**Exercise data:**

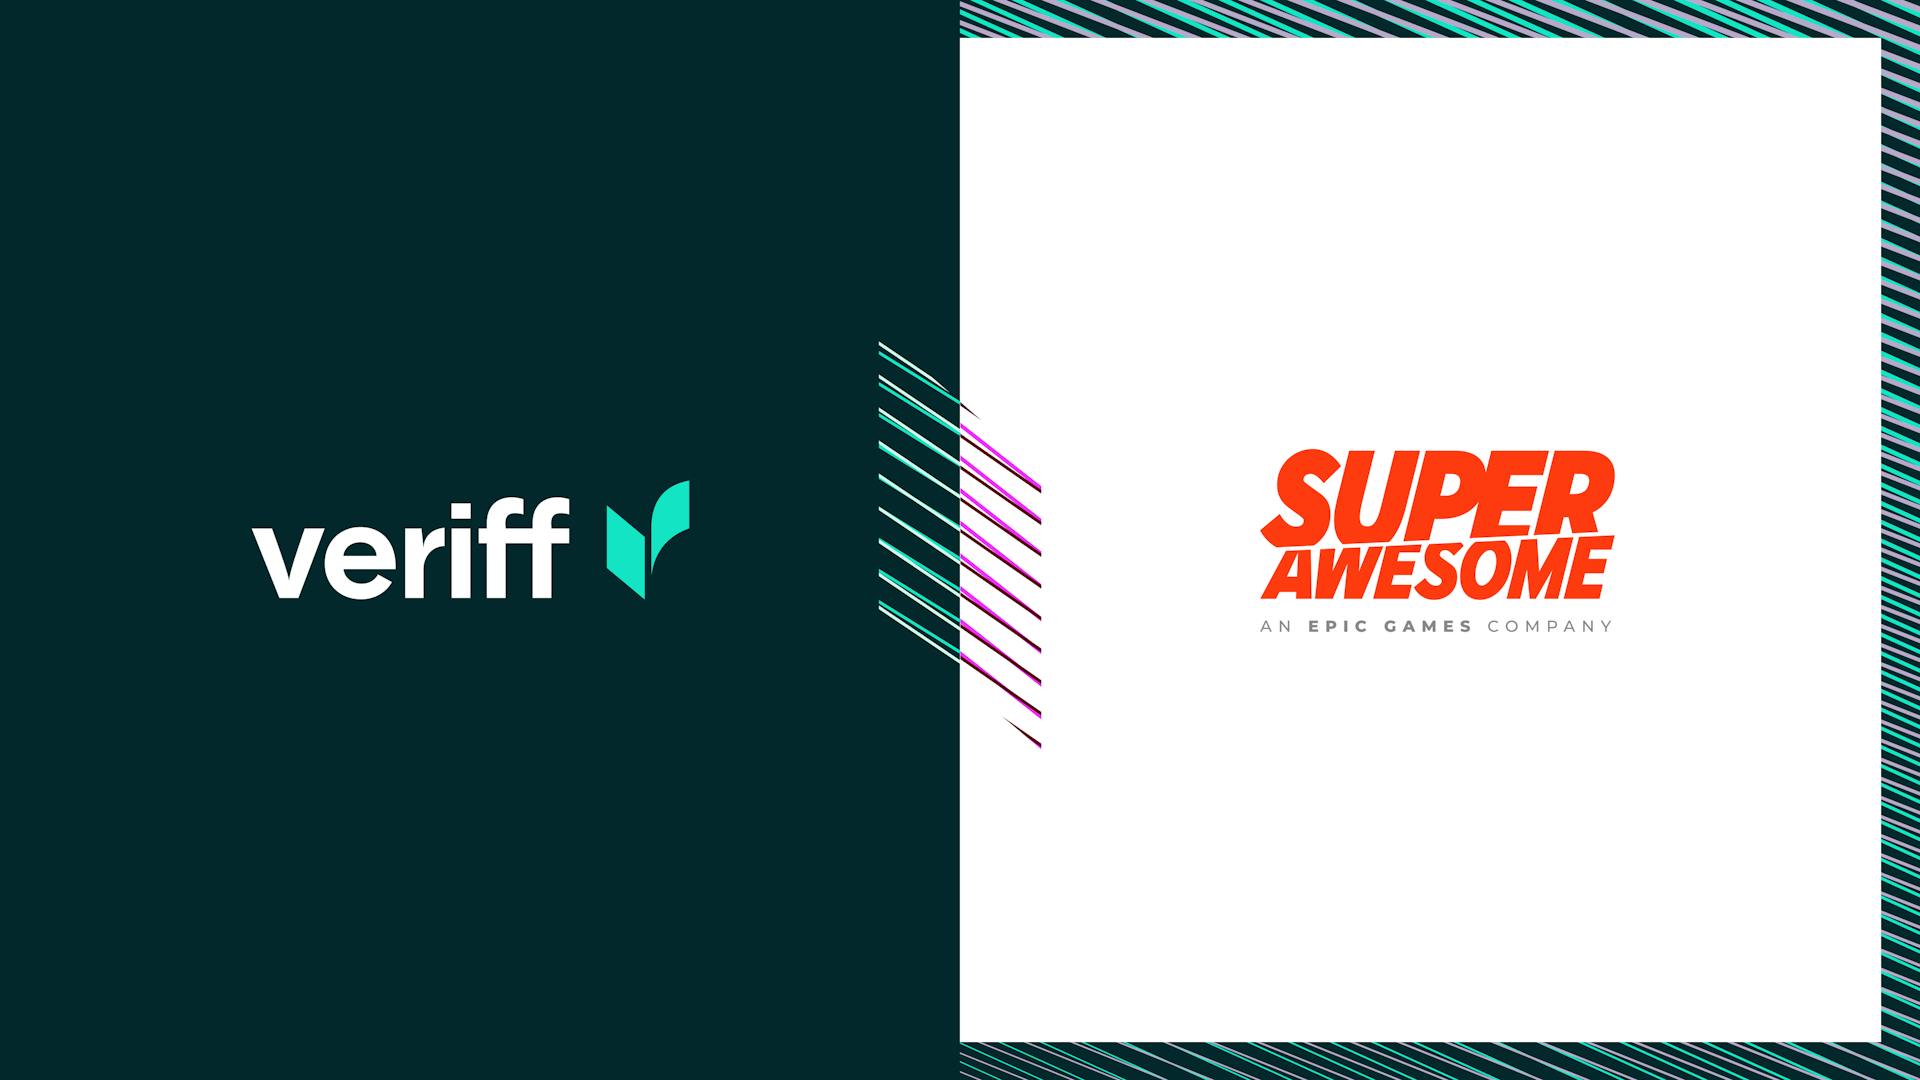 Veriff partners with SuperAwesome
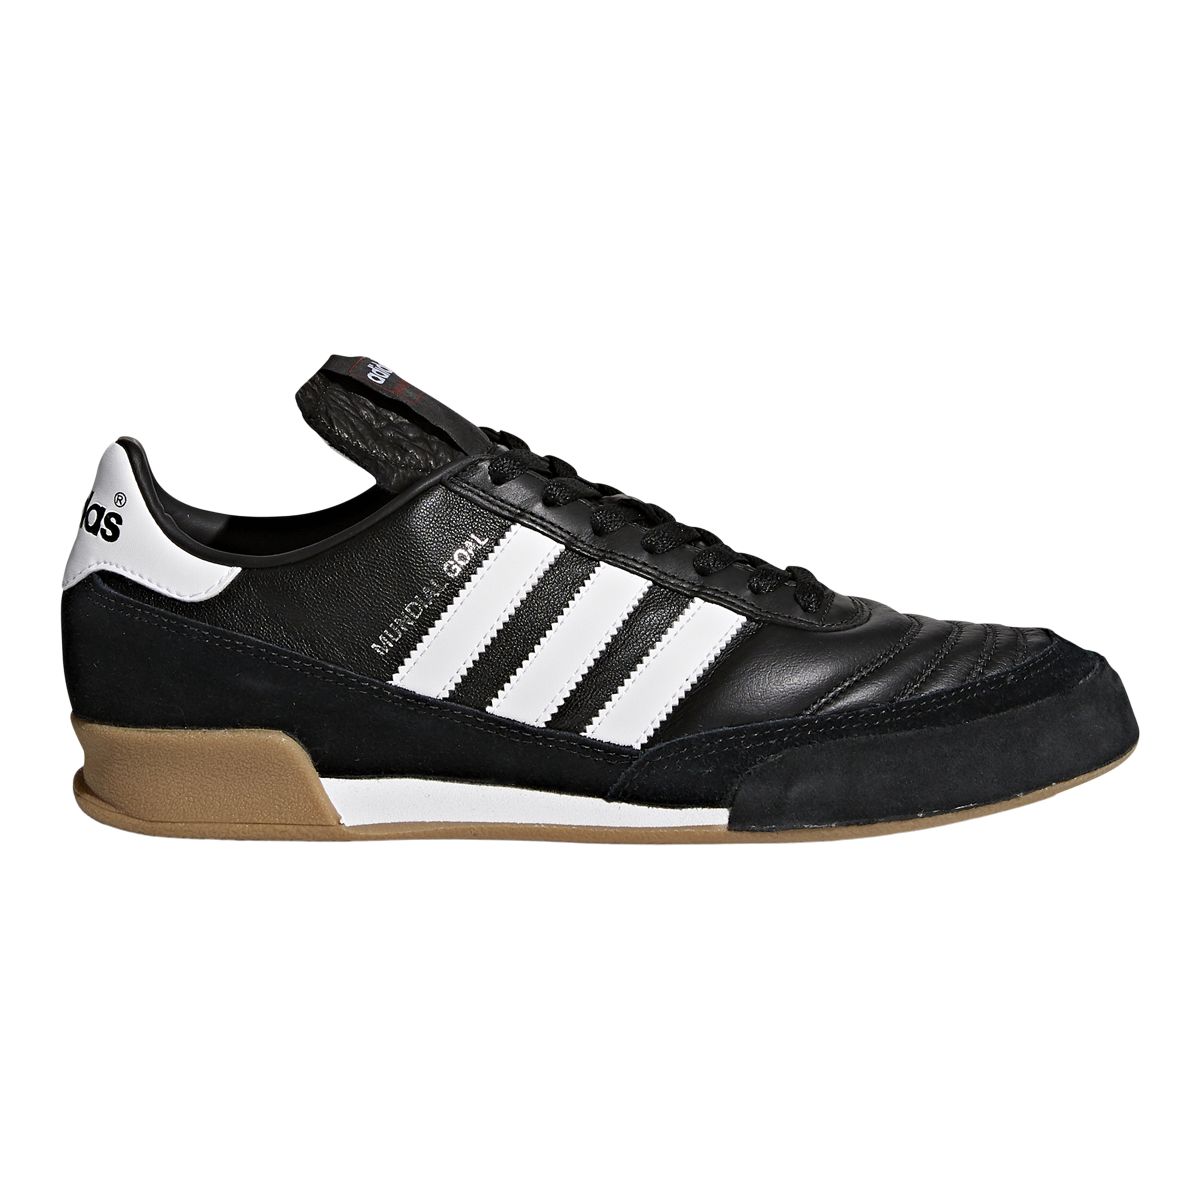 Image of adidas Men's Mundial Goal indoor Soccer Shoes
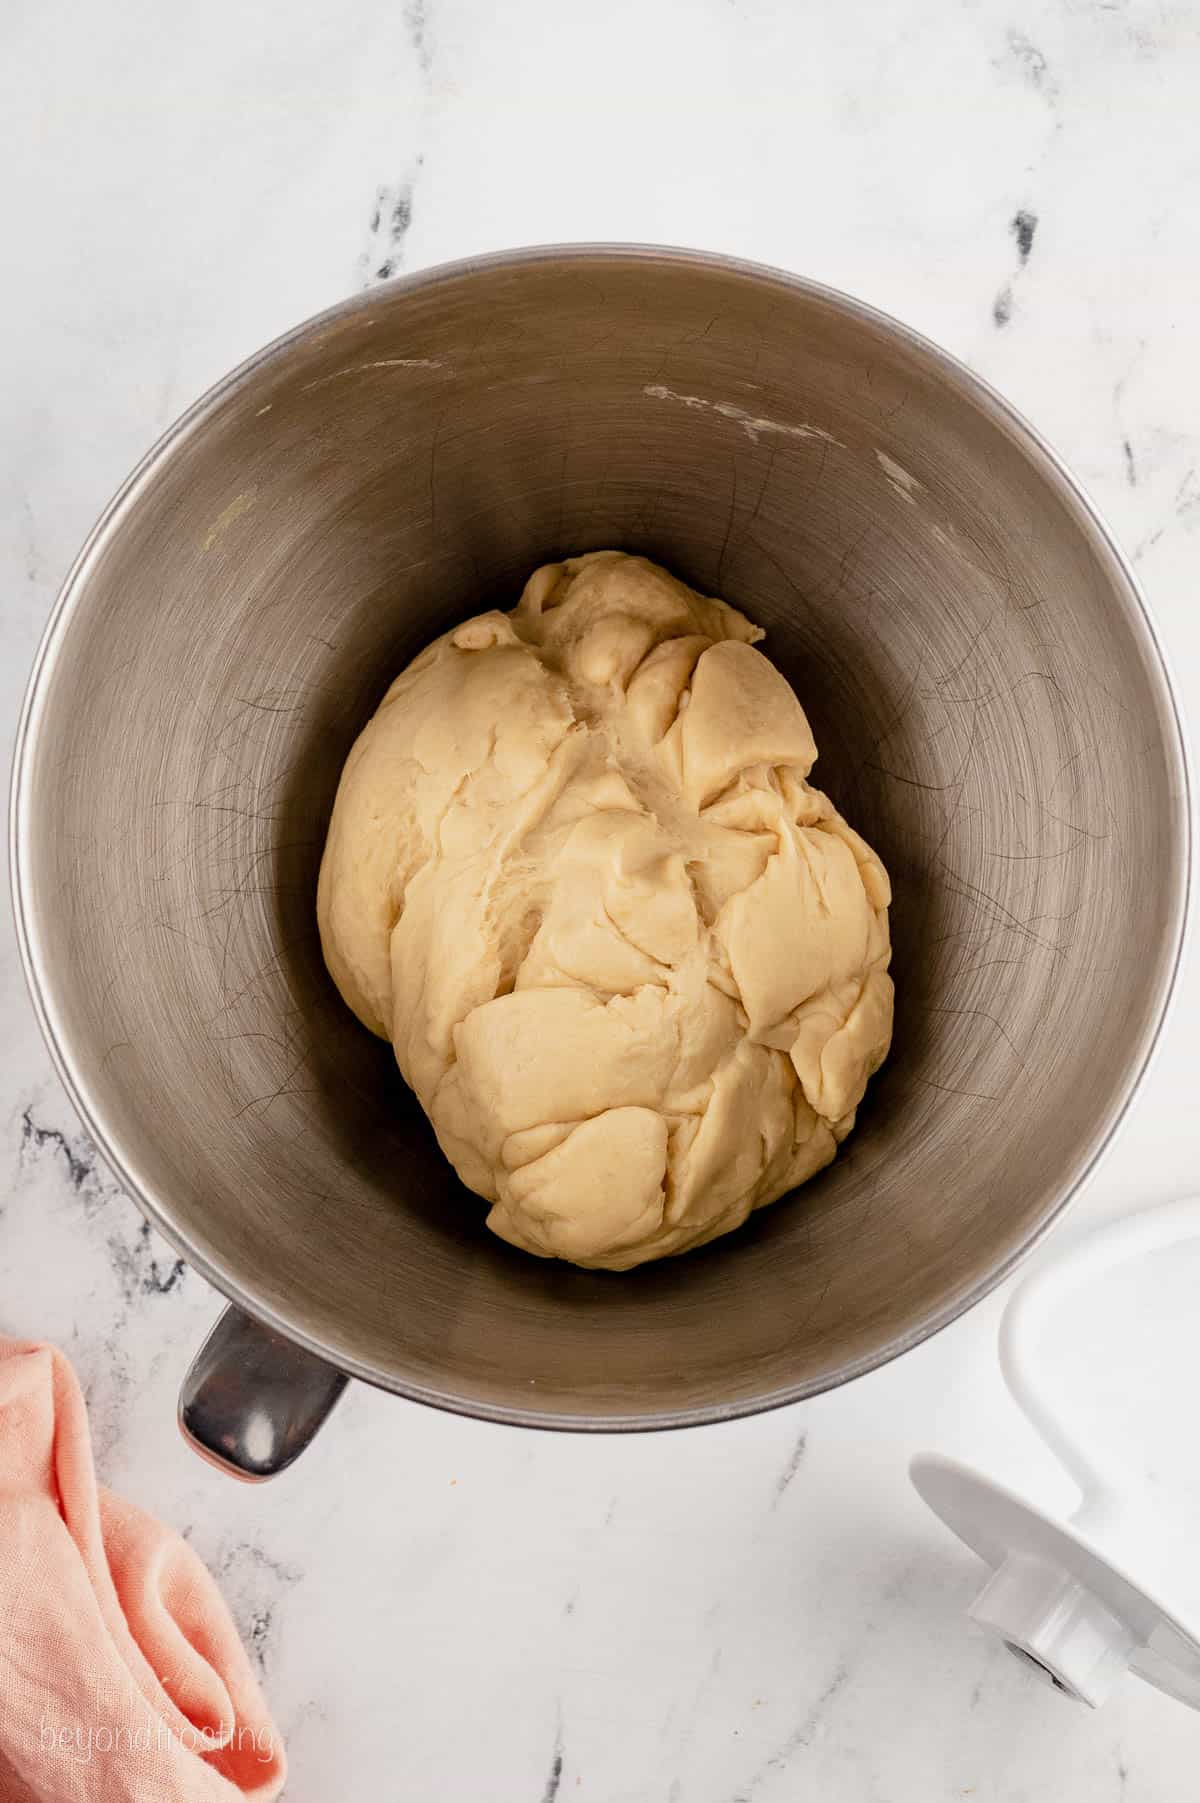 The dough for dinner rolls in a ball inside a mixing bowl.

**Task requirements:**
Nothing should be printed except the lines from the one with "Image of adidas" through the last line of the listing above, both ends included; please drop the pictures.

**Task output:**
 Image of adidas Men's Mundial Goal indoor Soccer Shoes
 The dough for dinner rolls in a ball inside a mixing bowl.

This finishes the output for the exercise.